On 3/27/19 11:59 AM, Yang Shi wrote: > In real production environment we don't know what kind of applications > would end up on PMEM (DRAM may be full, allocation fall back to PMEM) > then have unexpected performance degradation. I understand to have > mempolicy to choose to avoid it. But, there might be hundreds or > thousands of applications running on the machine, it sounds not that > feasible to me to have each single application set mempolicy to avoid it. Maybe not manually, but it's entirely possible to automate this. It would be trivial to get help from an orchestrator, or even systemd to get apps launched with a particular policy. Or, even a *shell* that launches apps to have a particular policy.

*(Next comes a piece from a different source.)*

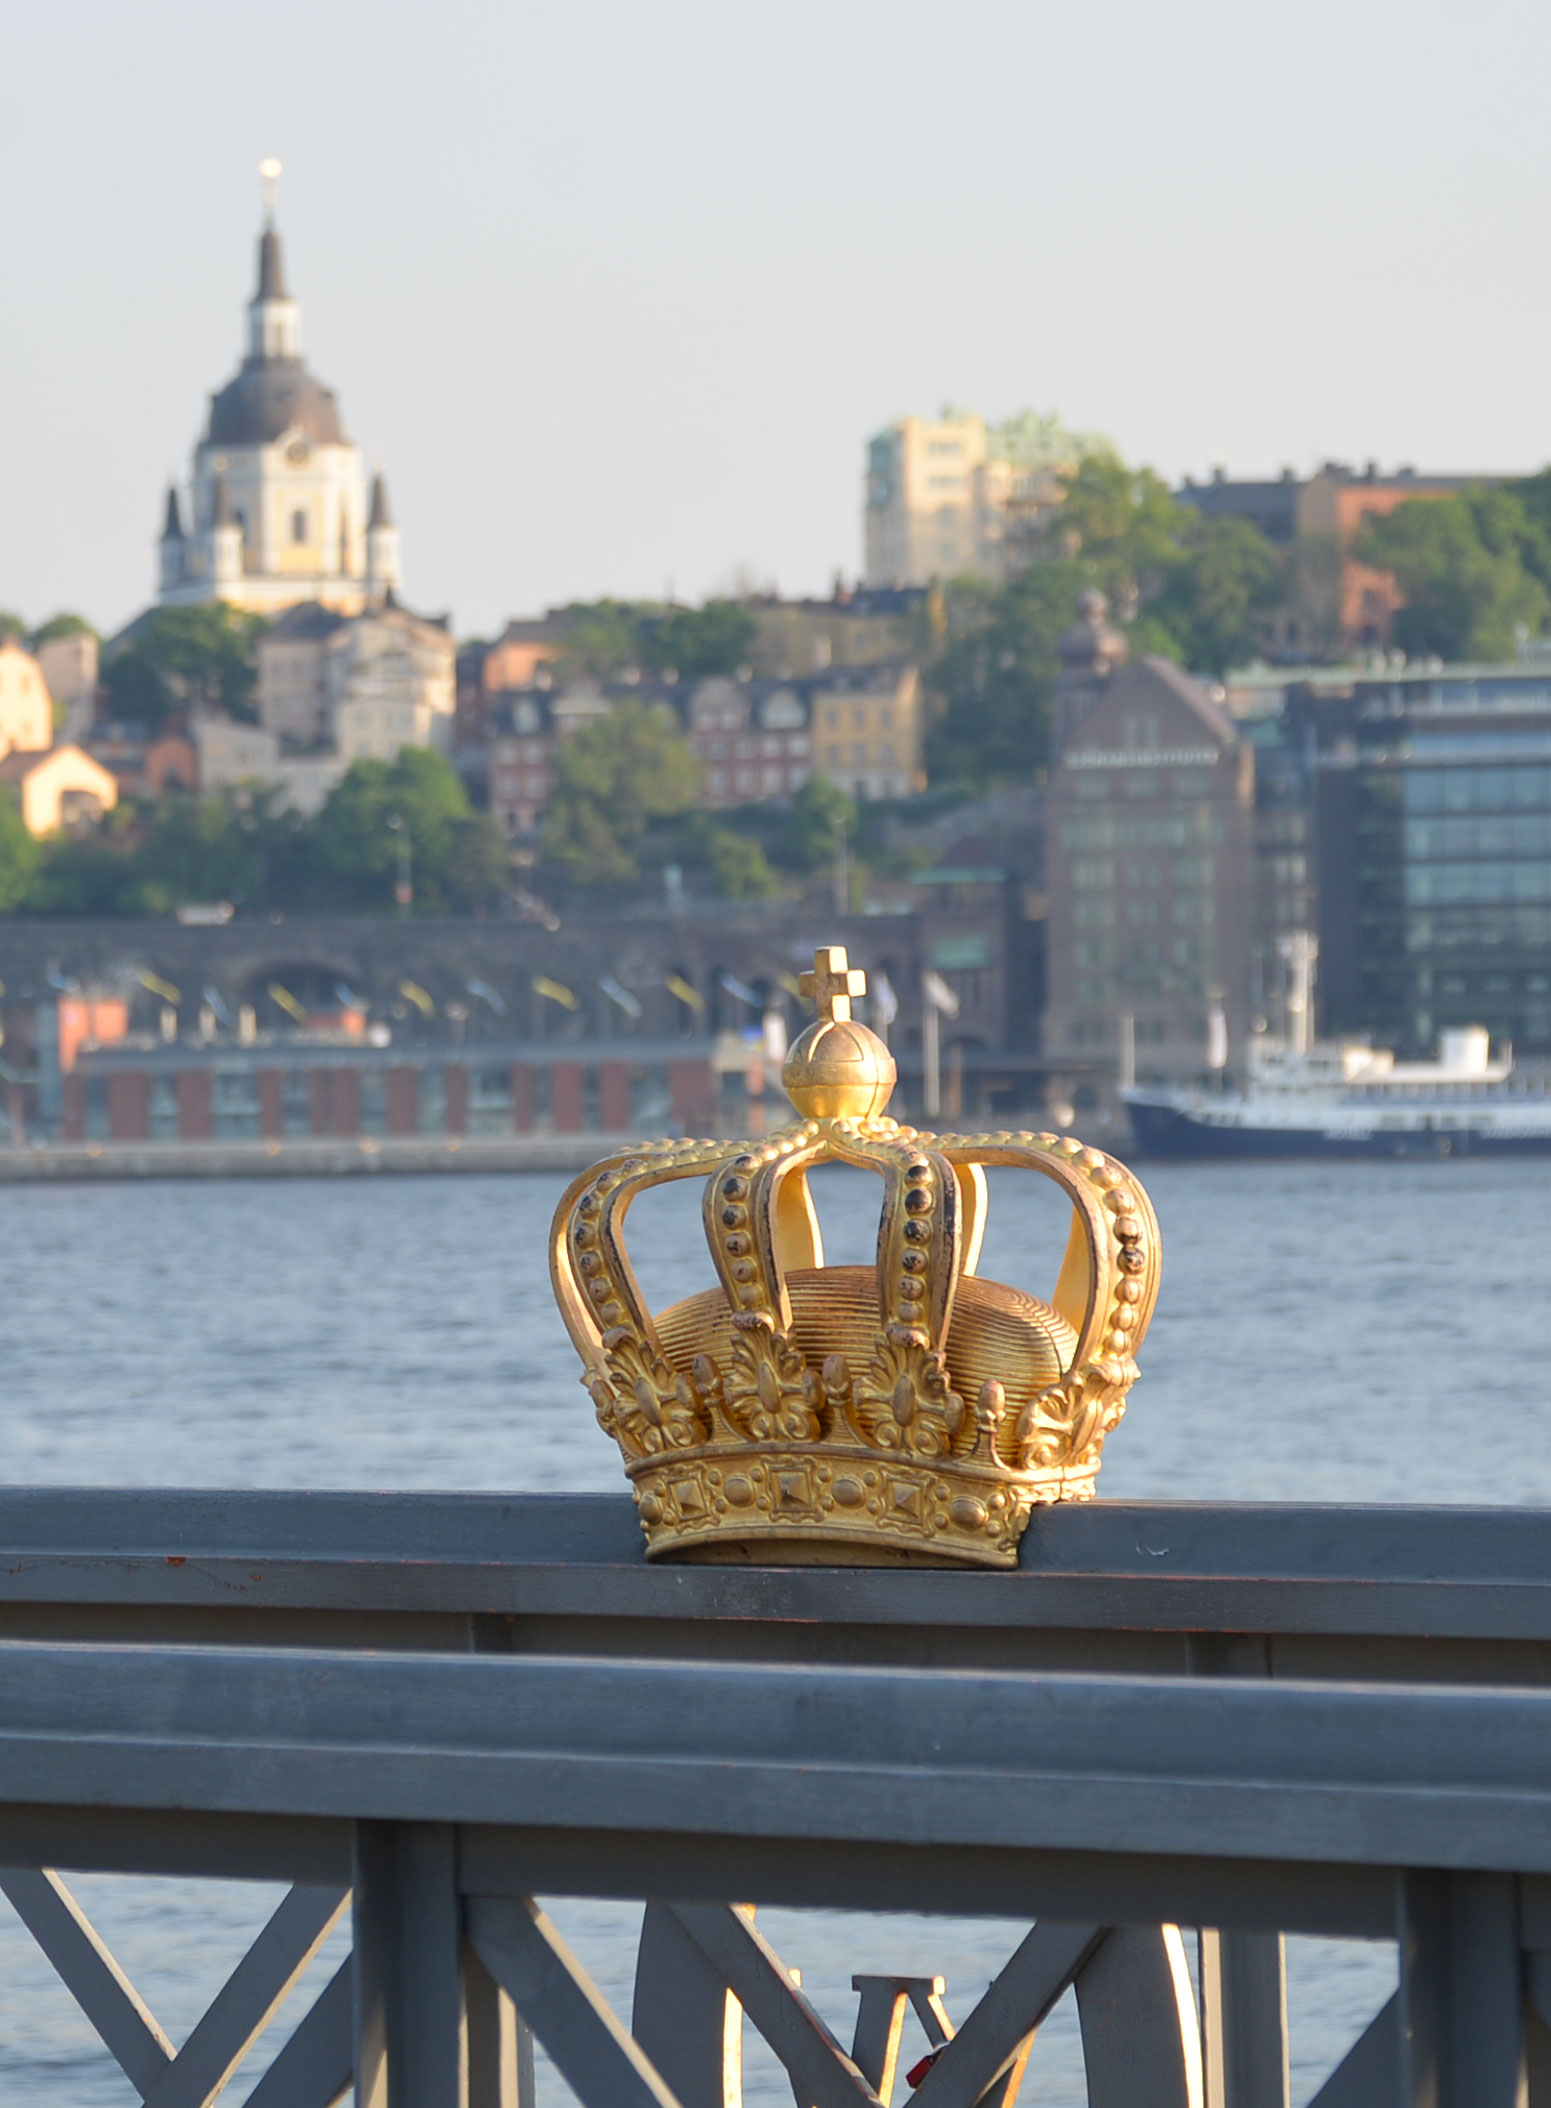 北欧フィーカ スウェーデン ストックホルムの旅 王冠の橋を渡って シェップスホルメン島へ Scandinavian Fika

On Wed, Mar 27, 2019 at 10:34:11AM -0700, Dan Williams wrote: > On Wed, Mar 27, 2019 at 2:01 AM Michal Hocko <mhocko@kernel.org> wrote: > > No, Linux NUMA implementation makes all numa nodes available by default > > and provides an API to opt-in for more fine tuning. What you are > > suggesting goes against that semantic and I am asking why. How is pmem > > NUMA node any different from any any other distant node in principle? > > Agree. It's just another NUMA node and shouldn't be special cased. > Userspace policy can choose to avoid it, but typical node distance > preference should otherwise let the kernel fall back to it as > additional memory pressure relief for "near" memory. I think this is sort of true, but sort of different. These are essentially CPU-less nodes; there is no CPU for which they are fast memory. Yes, they're further from some CPUs than from others. I have never paid attention to how Linux treats CPU-less memory nodes, but it would make sense to me if we don't default to allocating from remote nodes. And treating pmem nodes as being remote from all CPUs makes a certain amount of sense to me. eg on a four CPU-socket system, consider this as being pmem1 --- node1 --- node2 --- pmem2 | \ / | | X | | / \ | pmem3 --- node3 --- node4 --- pmem4 which I could actually see someone building with normal DRAM, and we should probably handle the same way as pmem; for a process running on node3, allocate preferentially from node3, then pmem3, then other nodes, then other pmems.
On 3/27/19 1:35 PM, Matthew Wilcox wrote: > > pmem1 --- node1 --- node2 --- pmem2 > | \ / | > | X | > | / \ | > pmem3 --- node3 --- node4 --- pmem4 > > which I could actually see someone building with normal DRAM, and we > should probably handle the same way as pmem; for a process running on > node3, allocate preferentially from node3, then pmem3, then other nodes, > then other pmems. That makes sense. But, it might _also_ make sense to fill up all DRAM first before using any pmem. That could happen if the NUMA interconnect is really fast and pmem is really slow. Basically, with the current patches we are depending on the firmware to "nicely" enumerate the topology and we're keeping the behavior that we end up with, for now, whatever it might be. Now, let's sit back and see how nice the firmware is. :)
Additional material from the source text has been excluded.